House Republicans are getting pushback on provisions of their tax reform plan that could increase self-employment taxes for many farms.
The American Farm Bureau Federation sent a letter to the House Ways and Means Committee on Tuesday raising concerns about those provisions as well as the temporary nature of the bill’s expansion of the Section 179 expensing allowance. The bill’s increased expensing limits would end after 2023.
The Farm Bureau has yet to endorse the bill, and the National Federation of Independent Business also is holding back its support because of the provisions for pass-through businesses, partnerships, S corporations and sole proprietorships.

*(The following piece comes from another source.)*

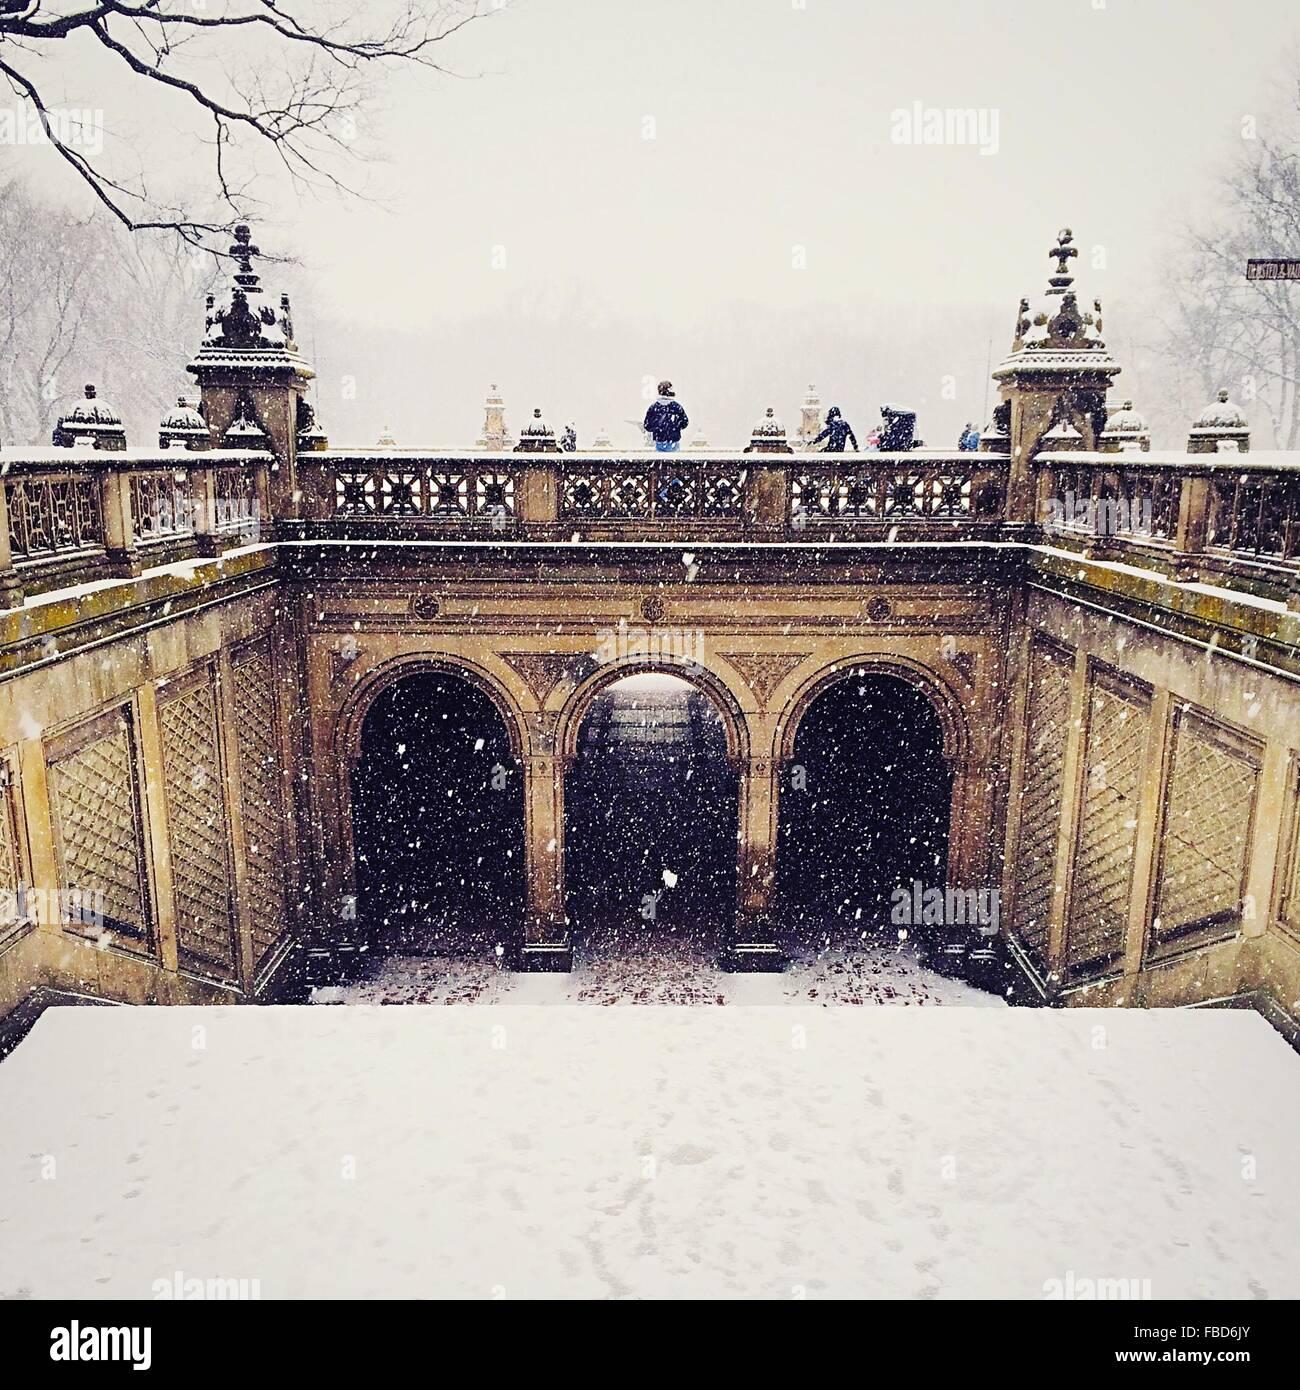 Les gens sur le pont par temps de neige contre Ciel clair Photo Stock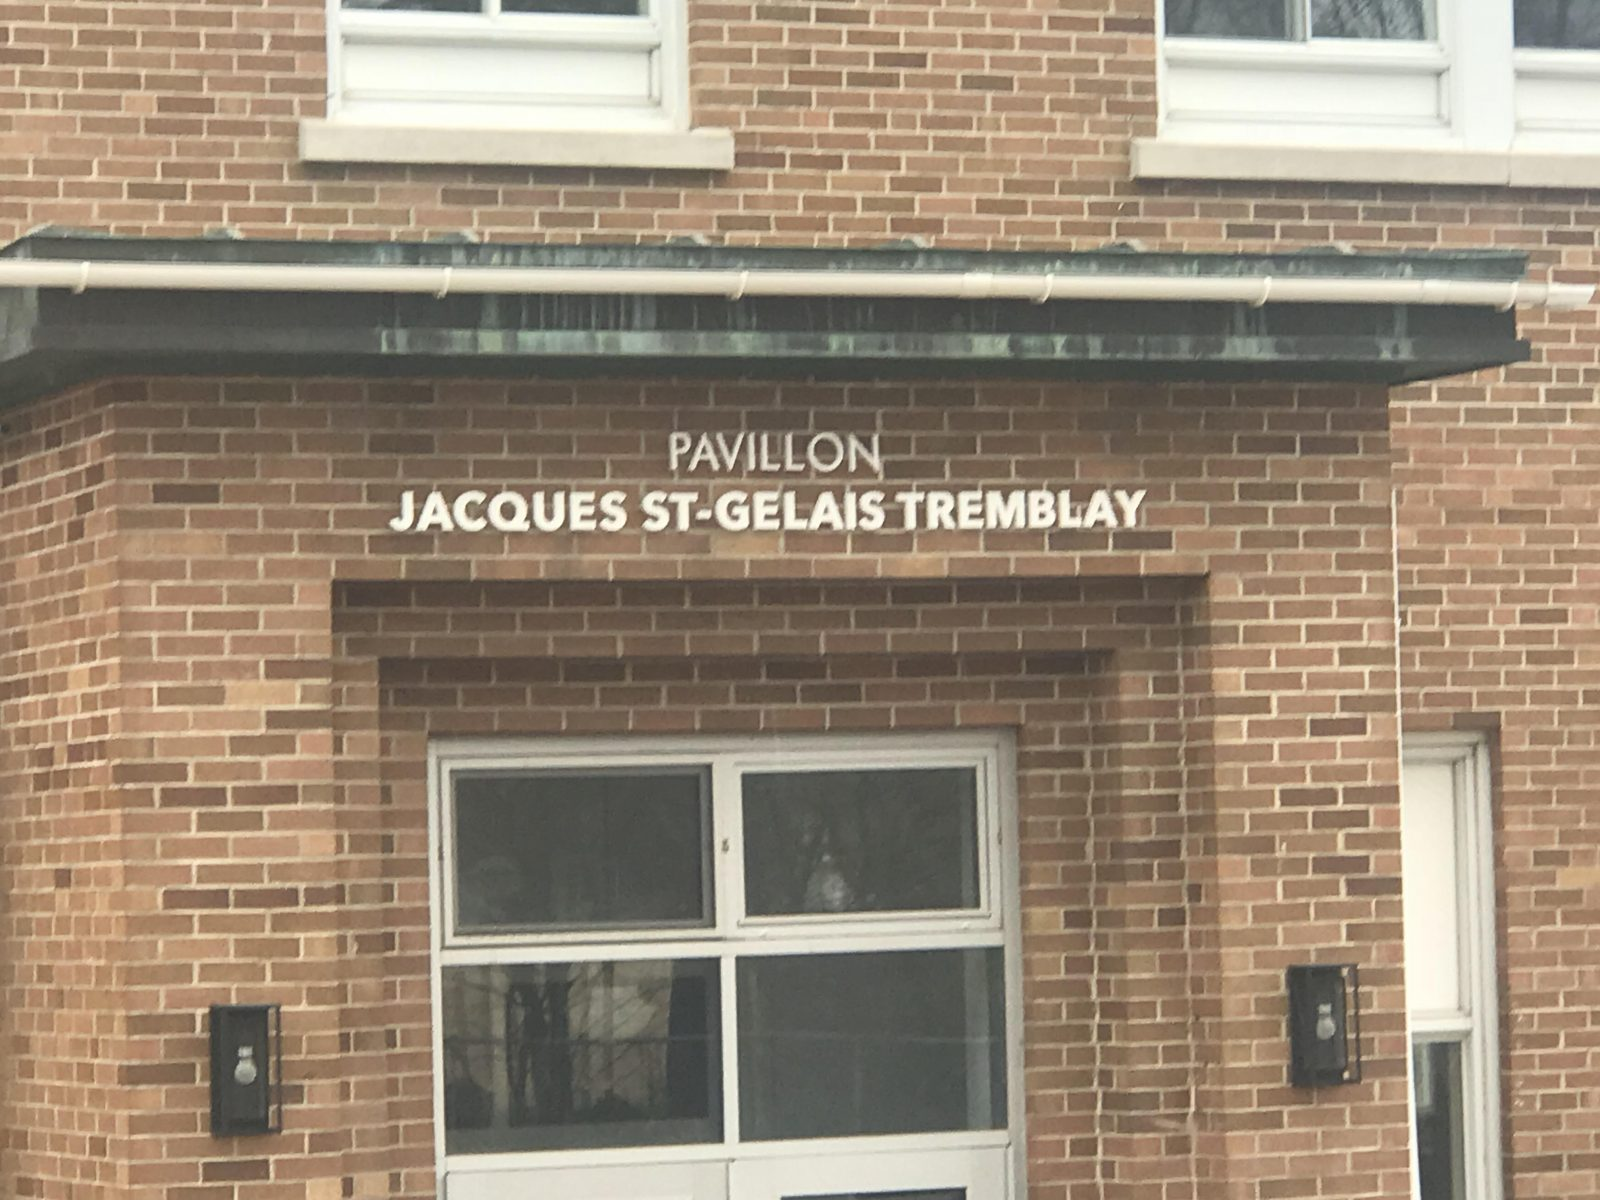 L'école Thomas-Tremblay devient le Pavillon Jacques St-Gelais Tremblay

While the bill, which the House Ways and Means Committee is debating this week, “holds the potential to reduce income taxes paid by farmers and ranchers, there is concern that increases in self-employment taxes could cancel out these benefits and, worse yet, could even increase the total tax liability for some farmers and ranchers,” the AFBF letter says.
“It is important that the bill does not begin taxing income that is not currently subject to self-employment taxes. For example, some tax professionals believe that the bill will begin to impose S-E taxes on farmland rental income.”
The letter goes on to say that assuring farmers that passive income and income that is a return on investment “will not be subject to SE taxes would (alleviate) anxieties in farm country.”
As to the temporary Section 179 expansion, the letter says, “Temporary tax provisions create uncertainty and make farm and ranch business management more difficult."
Ways and Means Chairman Kevin Brady, R-Texas, told Agri-Pulse Tuesday that he was aware of concerns raised by small businesses and farmers and was considering possible changes to the pass-through provisions. He didn’t provide any specifics.
“For the first time in history we’re providing hundreds of billions of tax relief to our local businesses and farmers where they’ve always been left out before, so we’re going to continue to work on it,” Brady said.
House Agriculture Chairman Mike Conaway, R-Texas, said on Wednesday that he had talked to Brady about agriculture's concerns and expected to the bill to be altered to protect farm rental income from self-employment taxes. There appear to be "unintended consequences of sweeping up new revenue streams that perviously that have never been subject to the self-employment tax," he said.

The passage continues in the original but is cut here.